Existing counterfeit bill identification device detects magnetic ink to detect counterfeit bills or uses the absorption and reflection information of bills for ultraviolet or infrared light.It uses a lot of infrared wavelength band for more precise counterfeit bill recognition. have.

Specifically, the banknote is passed between the infrared light emitting unit and the infrared light receiving unit to collect information on the absorption amount and the reflection amount of the banknote with respect to the infrared light to find out the geological or ink information of the banknote which is not visually displayed. In general, the response of government banknotes in the infrared wavelength band and counterfeit banknotes by color copiers or color printers is markedly different from any wavelength band.

Banknotes using infrared ink to prevent forgery of the banknote cannot be visually confirmed, but ink information can be obtained through the absorption and reflection of infrared rays in the portion where infrared ink is used as a transmission and reflection reaction through the infrared light source. Therefore, it is possible to extract the infrared response pattern and to obtain brightness information.
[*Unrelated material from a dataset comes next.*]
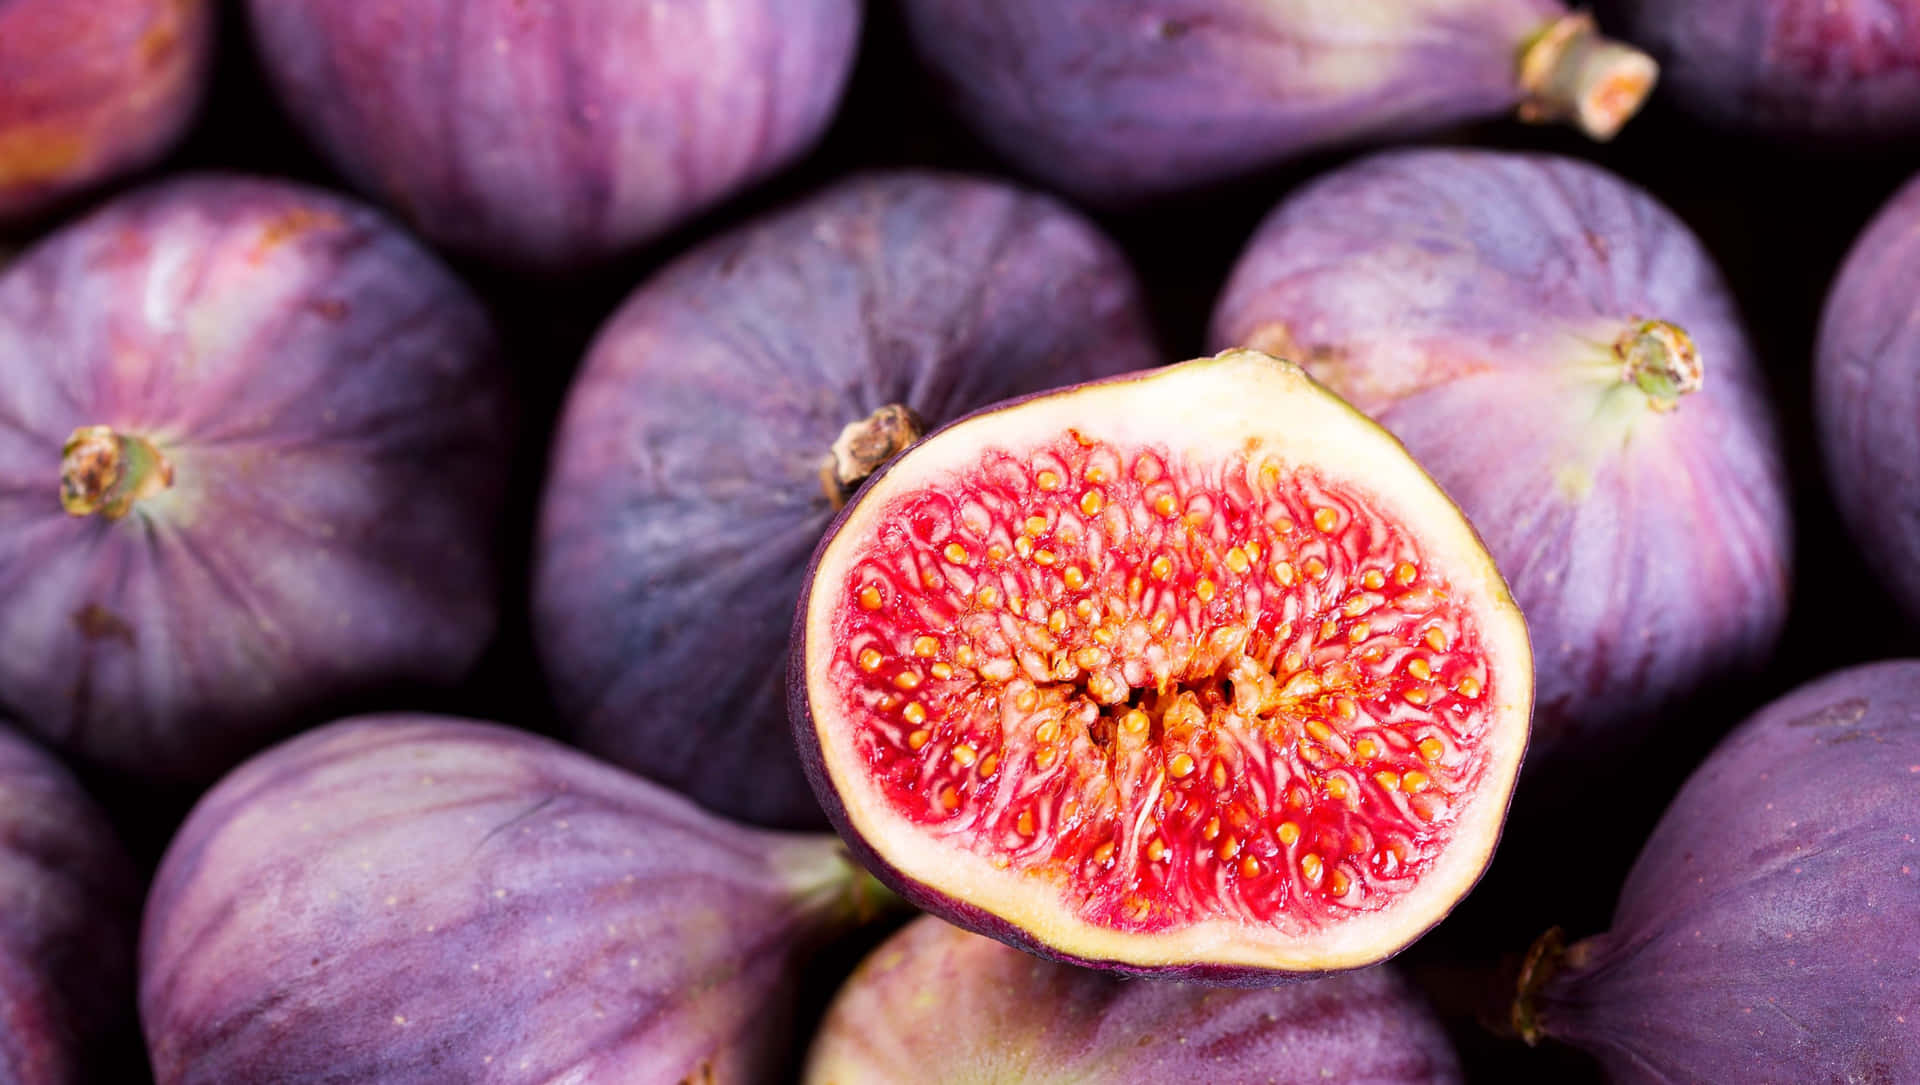 Image  Freshly Harvested Purple Figs, Nature's Delicious Treat Wallpaper

In general, the infrared recognition method of banknotes which are widely used now includes an infrared light receiving sensor and an infrared light emitting unit at intervals of 10 to 15 [mm], similar to a light emitting light source, and uses transmittance data on the entire banknote or as a counting sensor. Infrared light is used, and the transmittance of the light emitting part is used to identify whether or not the counterfeit is counterfeit.
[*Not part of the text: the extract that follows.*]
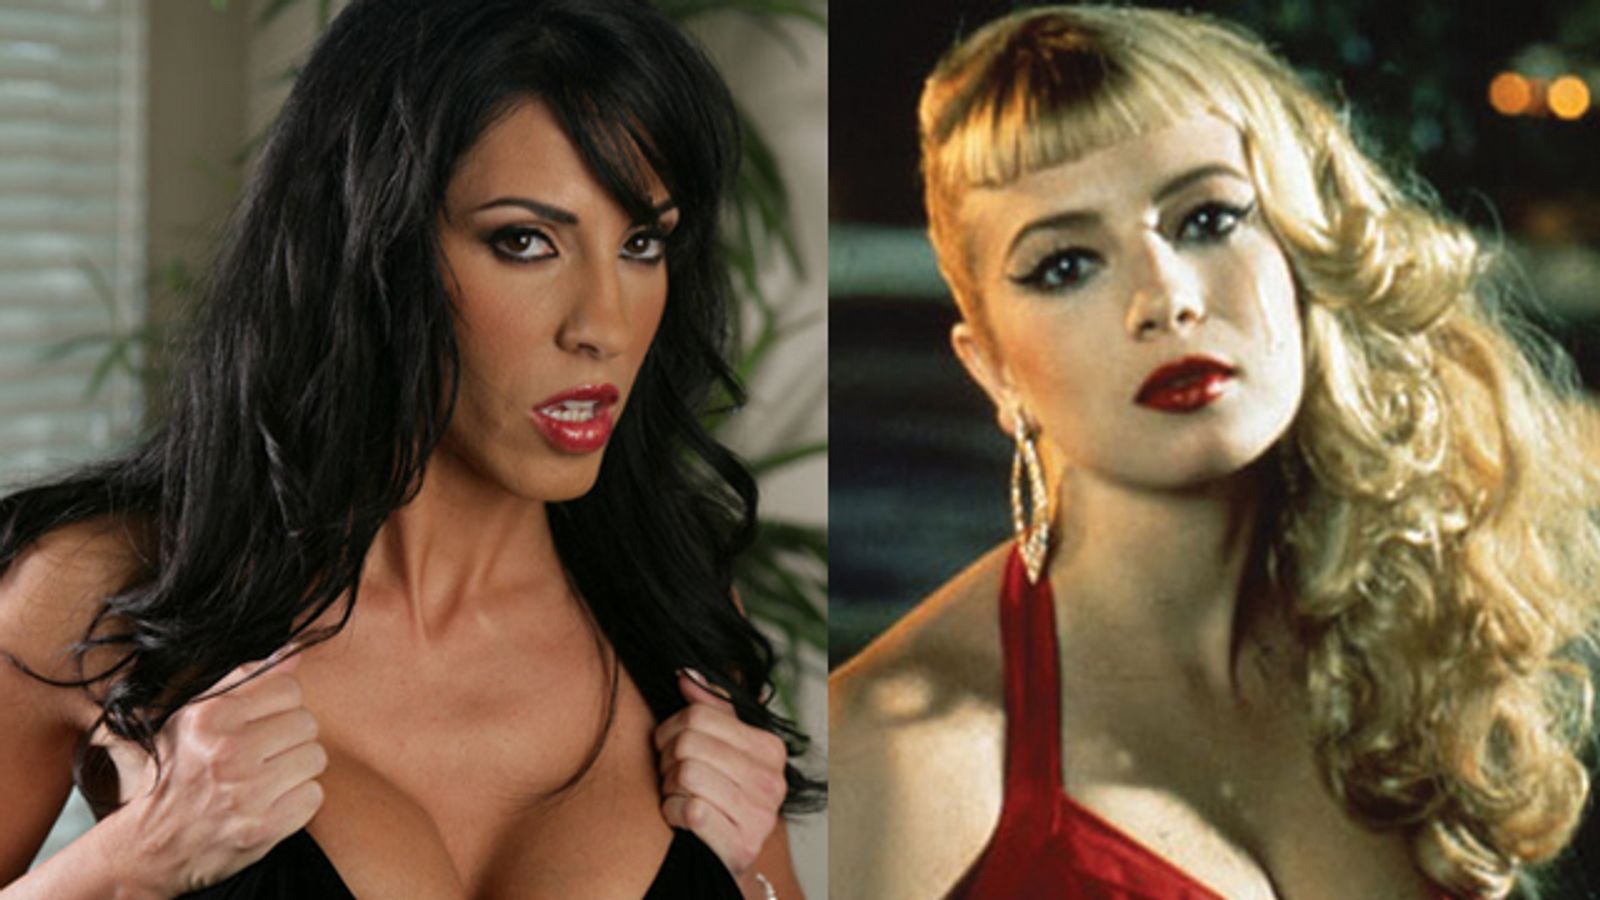 Veronica Rayne, Traci Lords to Serve Beer in Hell

Since the use position or the pattern of the infrared ink applied to each kind of banknote is different, precise recognition is possible only when the position and angle are constant when passing through the infrared recognition portion.

However, in the case of a banknote counter or a financial device of a high speed continuous input method, the direction, angle, position, etc. of the banknotes are often not constant after the banknotes are inserted, and there is a problem in that there is a limit in applying the method.

In addition, when using a conventional one-dimensional sensor in a state where the banknote input direction and position is not constant, the number of data required to calculate the angular position, the direction of the plane, etc. when the banknote passes through the identification unit is small, Since the value detected when the banknote passes is the value corresponding to the banknote, the range detected by one light-receiving unit sensor is about 5 to 15 [mm] wide. There is a limit to the identification of banknotes using local special ink.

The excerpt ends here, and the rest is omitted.